Je grimpai prestement à la petite échelle faite de planches et de cordes, qui tenait toujours miraculeusement. Une fois que je fus presque arrivée en haut, je pris une seconde pour admirer ce que je voyais. Rien n'avait changé, comme si l'endroit était resté figé en enfance.

Il y avait les vieilles couvertures à motifs exotiques qui recouvraient l'espace du sol au plafond pour masquer les planches. Il y avait les coussins sales et poussiéreux disposés ça et là, attendant qu'on se vautre dedans. Il y avait les bougies cent fois allumées, et la minuscule table basse autour de laquelle nous nous asseyions pour festoyer. Je fermai les yeux un instant. J'écoutai le chant discret des oiseaux dans les branches, au-dessus de moi, et le bruit du bois qui craquait. Je respirai à plein nez l'odeur enivrante de la nature qui l'entourait, et sentis l'humidité des soirs d'été.

Si apaisant.

Je franchis la dernière marche et m'affalai sur un des coussins, m'adossant contre le mur de fortune. Harry me rejoignit et nous nous mîmes à échanger les souvenirs que nous avions ici en attendant l'arrivée du reste de la bande.

-Tu te rappelles la fois où j'ai failli tomber de l'échelle, et que tu m'as rattrapée par la chaussette ? lançai-je entre deux éclats de rire.

-M'en parle pas, s'exclama-t-il en roulant des yeux, l'odeur était si infecte, je crois que c'était le moment le plus pénible de mon existence.

Je m'apprêtai à répliquer, lorsque des bruits de pas et des éclats de voix se firent entendre à quelques mètres de la cabane.

J'échangeai un regard malicieux avec mon cousin.
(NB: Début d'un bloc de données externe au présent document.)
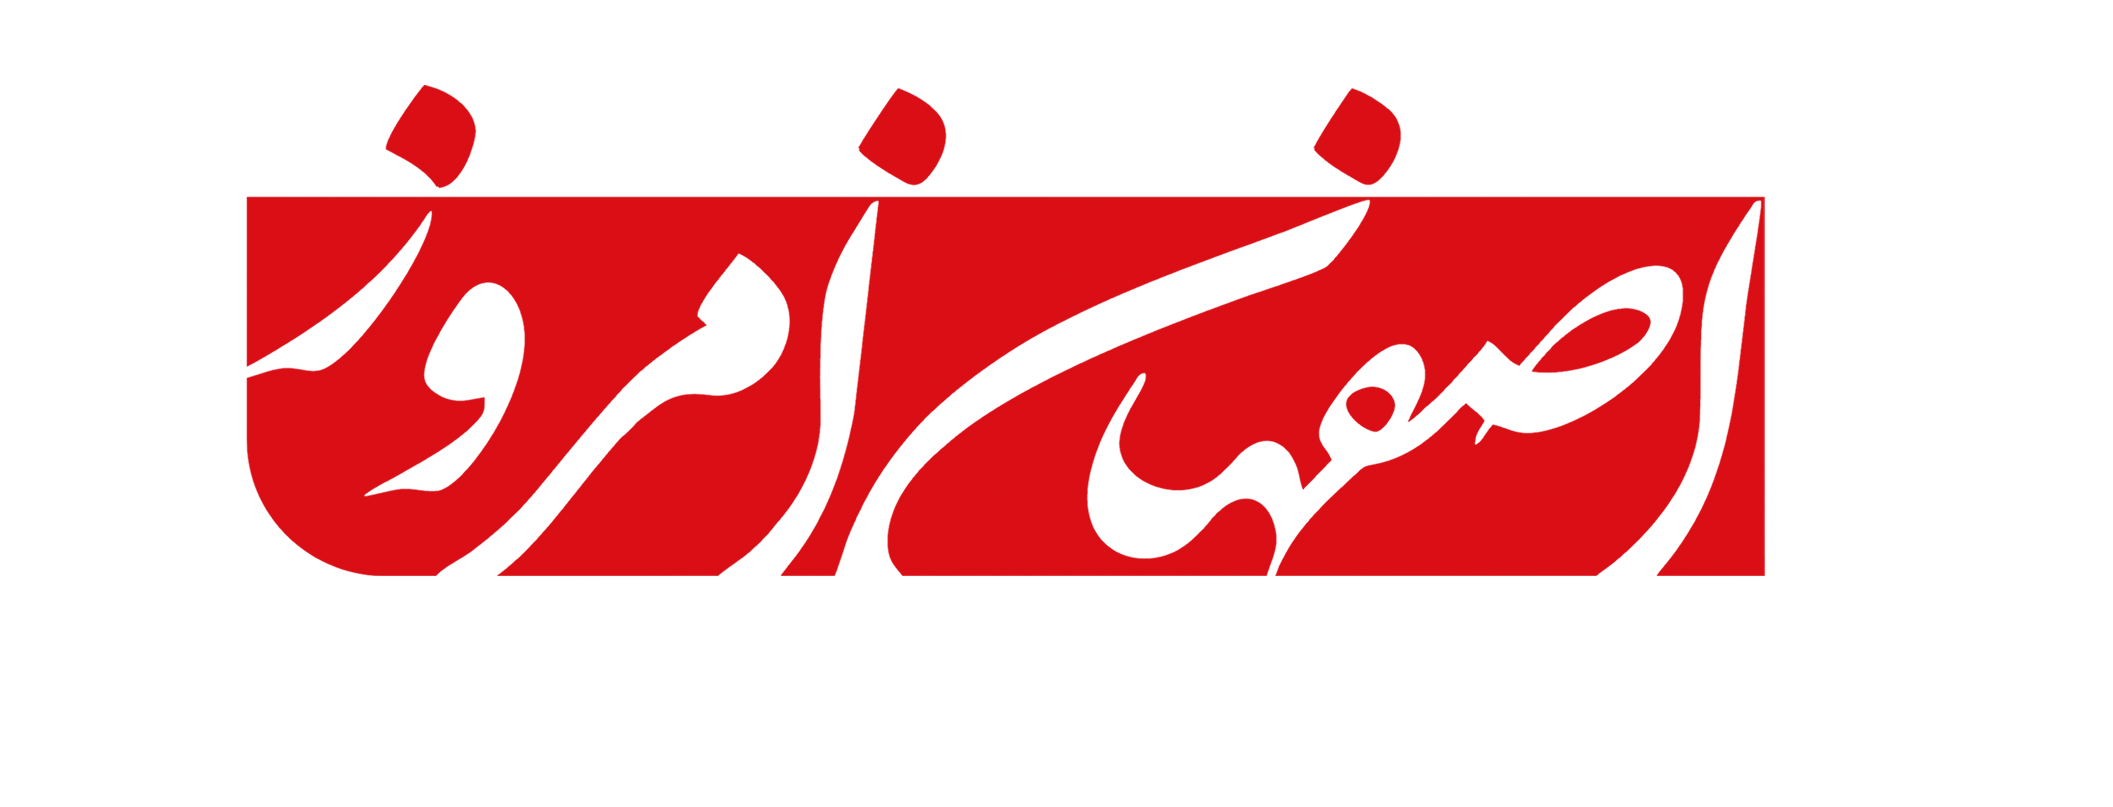 اصفهان امروز

Pas besoin de mots : on s'était compris. Discrètement, nous nous emparâmes d'une pile de brindilles qui traînait dans un coin, et, lorsque les fameux bruits de pas se trouvèrent juste au-dessous de nous, nous les laissâmes tomber en criant en chœur :

-À L'ASSAUT !!!

Des cris de protestation et de surprise s'élevèrent dans l'obscurité, pendant que Harry et moi nous tordions de rire de façon purement et simplement immature. La voix de Louis retentit sur un ton faussement affligé :

-Tu vois Zayn, c'est ça qui est terrible chez les jeunes de nos jours. Aucune gratitude ! On brave les dangers d'une maison austère pour leur rapporter des ressources à base de sucre, et voilà comment nous sommes remerciés, nous pauvres vétérans !
-C'est désolant... Bon, tant pis, nous allons devoir manger tout ce popcorn tout seuls...

Malheur ! Subitement, toute ma dignité s'envola et je lançai d'une voix suppliante :

-Noooon, ne partez pas ! On sera gentils.

-Promis ? demanda Zayn.

-Promis ! renchérit Harry.

Satisfaite - et affamée -, je les entendis alors monter à l'échelle. Quelques secondes plus tard, la tête de Louis apparut, suivie de son corps, puis de celui de Zayn. Tous deux avaient les bras chargés de chamallows. Mon corps activa automatiquement l'option gourmandise, tandis que mon estomac se mettait à grogner. Je m'installai confortablement et me frottai les mains en signe d'importance. Les potins et les chamallows, mes deux choses préférées au monde !

-Alors, quelles chont les nouvelles ? m'enquis-je en mâchant avec appétit un marshmallow.

Je vis avec étonnement les deux jumeaux se renfrogner. Je crus à une blague, mais Louis prit la parole, le regard dans le vide :

-Ben, il s'est passé quelque chose d'étrange... On a entendu maman au téléphone. On n'a pas vraiment compris de quoi elle parlait, ni avec qui... Mais, on croit...
-Quelqu'un va venir au ranch et y rester. Dès demain.